Reklamı Kapat

Uzun bir aradan sonra macOS vs. serisinin yeni bölümüyle karşınızdayız. iPadOS. Önceki bölümlerde daha çok belirli eylemlere odaklandık ve birkaç istisna dışında çoğu durumda hedefinize hem Mac'te hem de iPad'de ulaşabileceğinizi belirtmek gerekir. Ancak her iki sistemin de kullanıcısı olarak sorunun belirli bir eylemi gerçekleştirememekten ziyade masaüstü ve mobil sistemlerin felsefesi olduğunu düşünüyorum. Bu metnin altındaki paragraflarda çalışma tarzına biraz daha derinlemesine bakacağız.

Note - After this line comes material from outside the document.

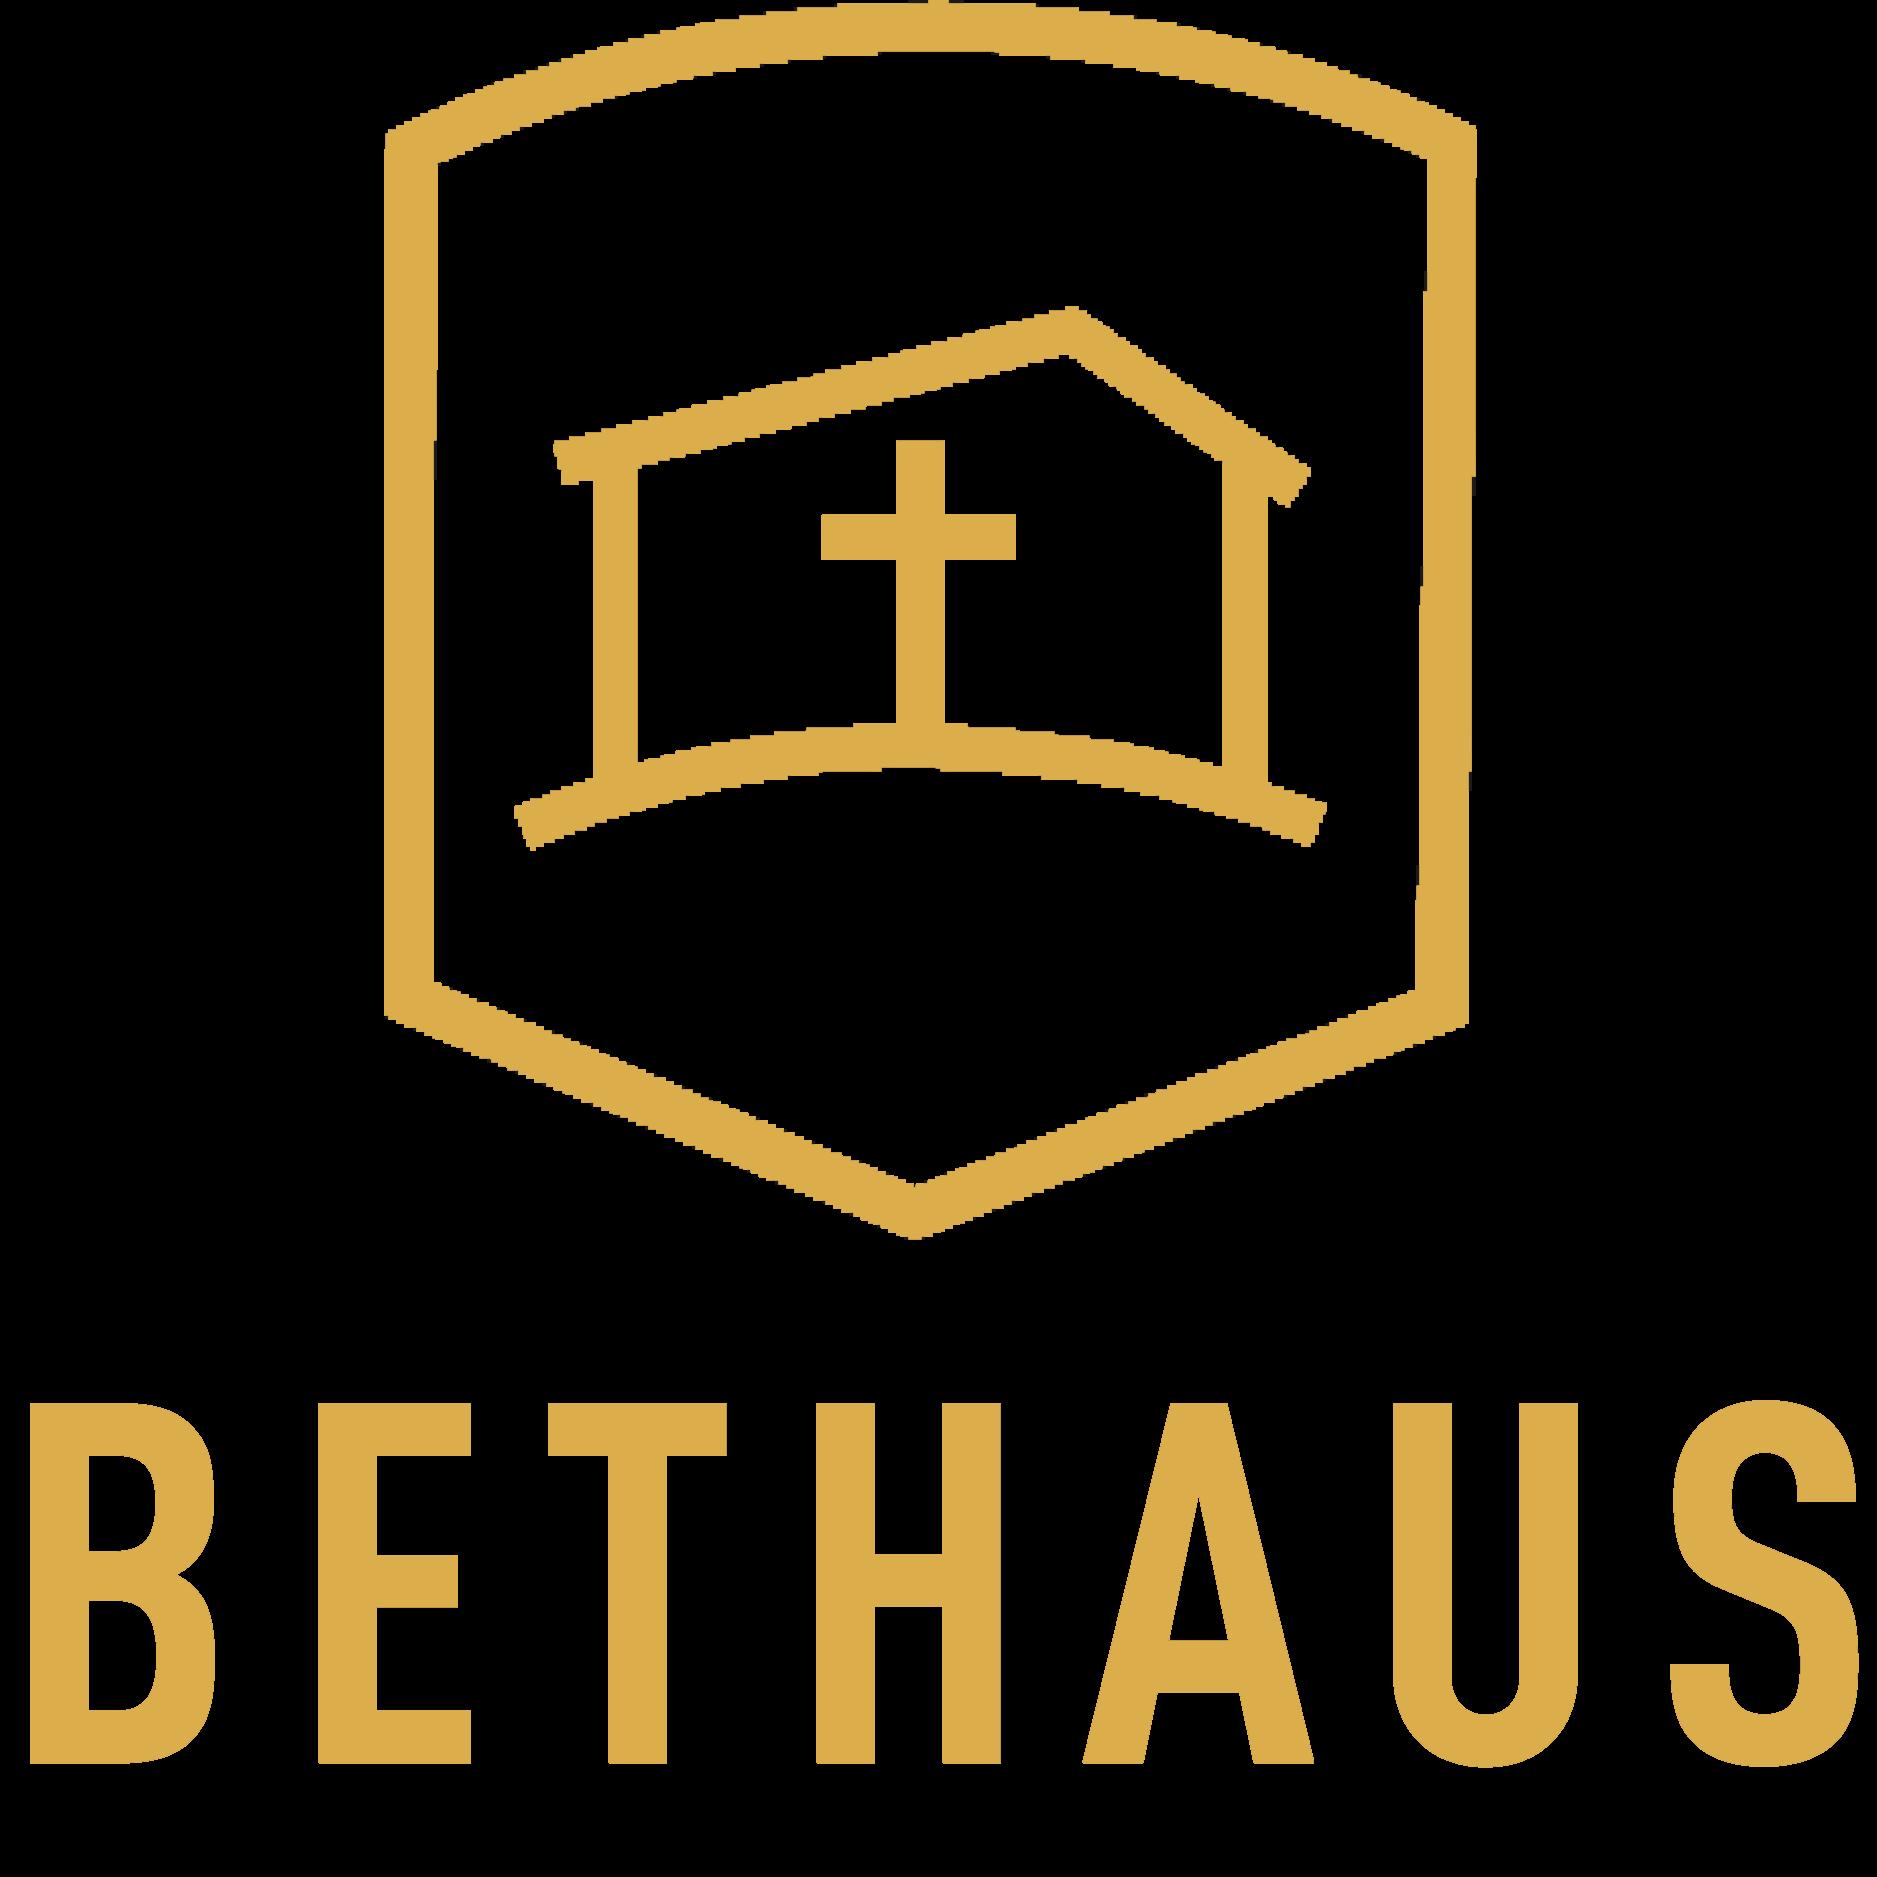 Bethaus

Minimalizm mi yoksa karmaşık kontrol mü?

Bir iPad kullanıcısı olarak bana, bugünlerde dizüstü bilgisayarlar bile çok ince ve taşınabilirken tablete geçmenin bir anlamı var mı diye soruluyor. Evet, bu kullanıcıların kesinlikle bazı gerçekleri var, özellikle de ağır Magic Keyboard'u iPad Pro'ya bağladığınızda. Öte yandan, bir MacBook'un veya başka bir dizüstü bilgisayarın ekranını kolayca koparamazsınız ve inanın bana, bir tableti elinizde tutup onu içerik tüketmek, yazışmaları yönetmek ve hatta videoları kesmek için kullanmak son derece kullanışlıdır. . Elbette, muhtemelen hepimizin cebinde, e-postalarımızı yönetebileceğimiz ve geri kalanını MacBook'umuzda halledebileceğimiz bir akıllı telefon vardır. Ancak iPad'in gücü uygulamaların basitliği ve verimliliğinde yatmaktadır. Genellikle masaüstü kardeşleriyle aynı şeyleri yapabilirler ancak sezgisel dokunmatik kontrole uyarlanmıştır.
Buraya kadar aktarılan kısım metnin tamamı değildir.